Abstract

Background. Genomic data is key in understanding the spread and evolution of SARS-CoV-2 pandemic and informing the design and evaluation of interventions. However, SARS-CoV-2 genomic data remains scarce across Africa, with no reports yet from the Indian Ocean islands. Methods. We genome sequenced six SARS-CoV-2 positive samples from the first major infection wave in the Union of Comoros in January 2021 and undertook detailed phylogenetic analysis. Results. All the recovered six genomes classified within the 501Y.V2 variant of concern (also known as lineage B.1.351) and appeared to be from 2 sub-clusters with the most recent common ancestor dated 30 th Oct-2020 (95% Credibility Interval: 06 th Sep-2020 to 10 th Dec-2020). Comparison of the Comoros genomes with those of 501Y.V2 variant of concern from other countries deposited into the GISAID database revealed their close association with viruses identified in France and Mayotte (part of the Comoros archipelago and a France, Overseas Department).
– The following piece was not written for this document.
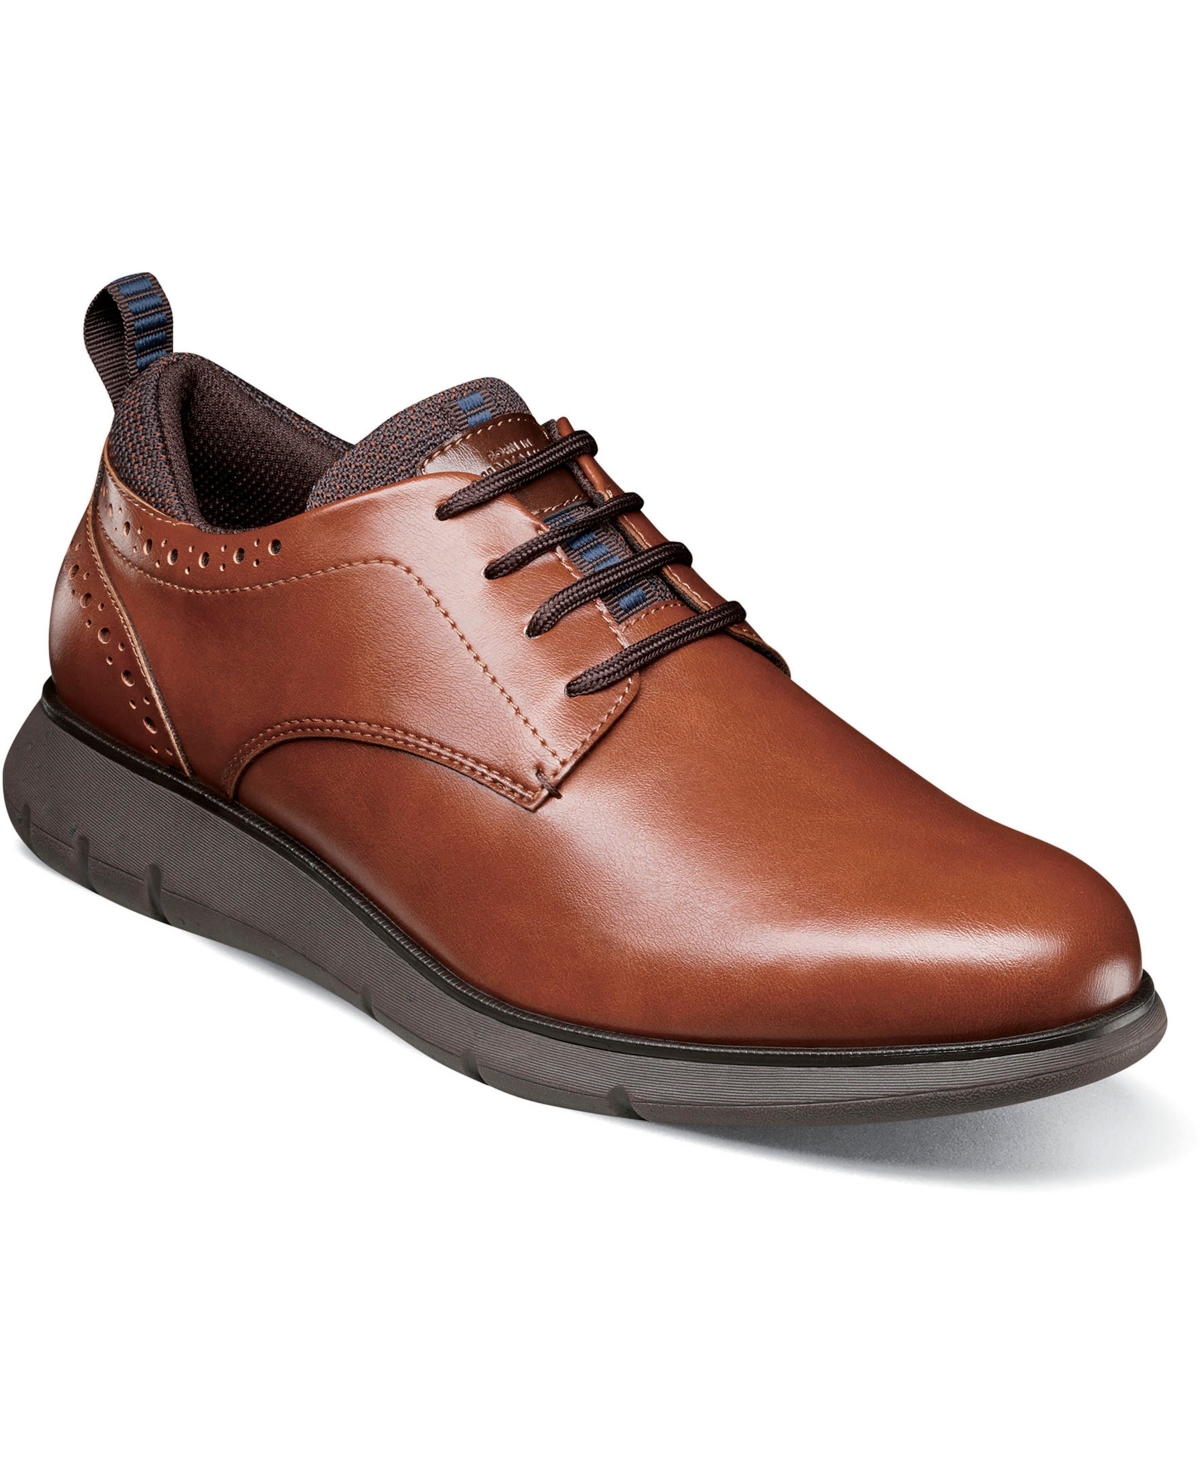 Men's Stance Plain Toe Oxford Shoes - Black Multi
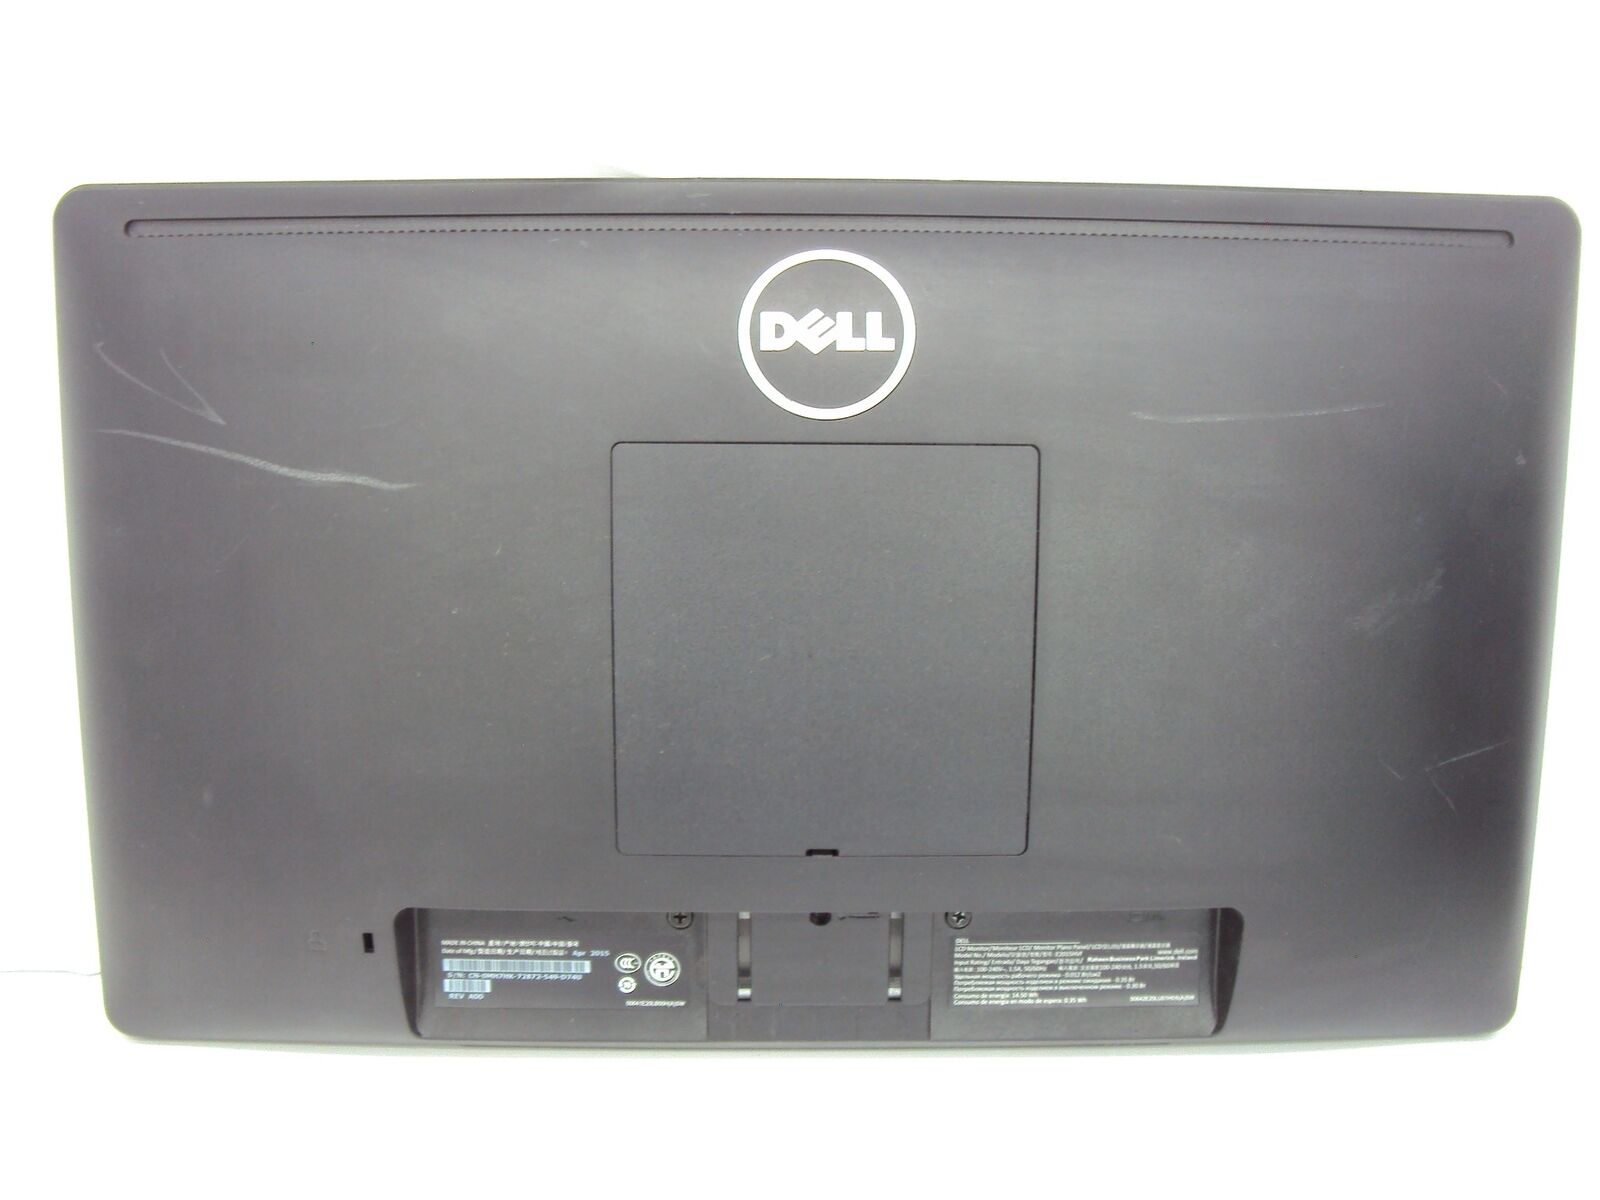 Lot of 2 Dell E2015HVF 20" Dual Computer Monitor 1600 x 900 VGA No Stand Dell - фотография #4

Conclusions. The recovered genomes, albeit few, confirmed local transmission following probably multiple introductions of the SARS-CoV-2 501Y.V2 variant of concern during the Comoros's first major COVID-19 wave. These findings demonstrate the importance of genomic surveillance and have implications for ongoing control strategies on the islands.

Highlights

  • Comoros, an island country in the Indian ocean, detected its first case of SARS-CoV-2 on 30th April 2020, it experienced its first major SARS-CoV-2 outbreak in January 2021 i.e., 10 months later[1]

  • All the recovered six genomes classified within the 501Y.V2 variant of concern and appeared to be from 2 sub-clusters with the most recent common ancestor dated 30th Oct-2020 (95% Credibility Interval: 06th Sep-2020 to 10th Dec-2020)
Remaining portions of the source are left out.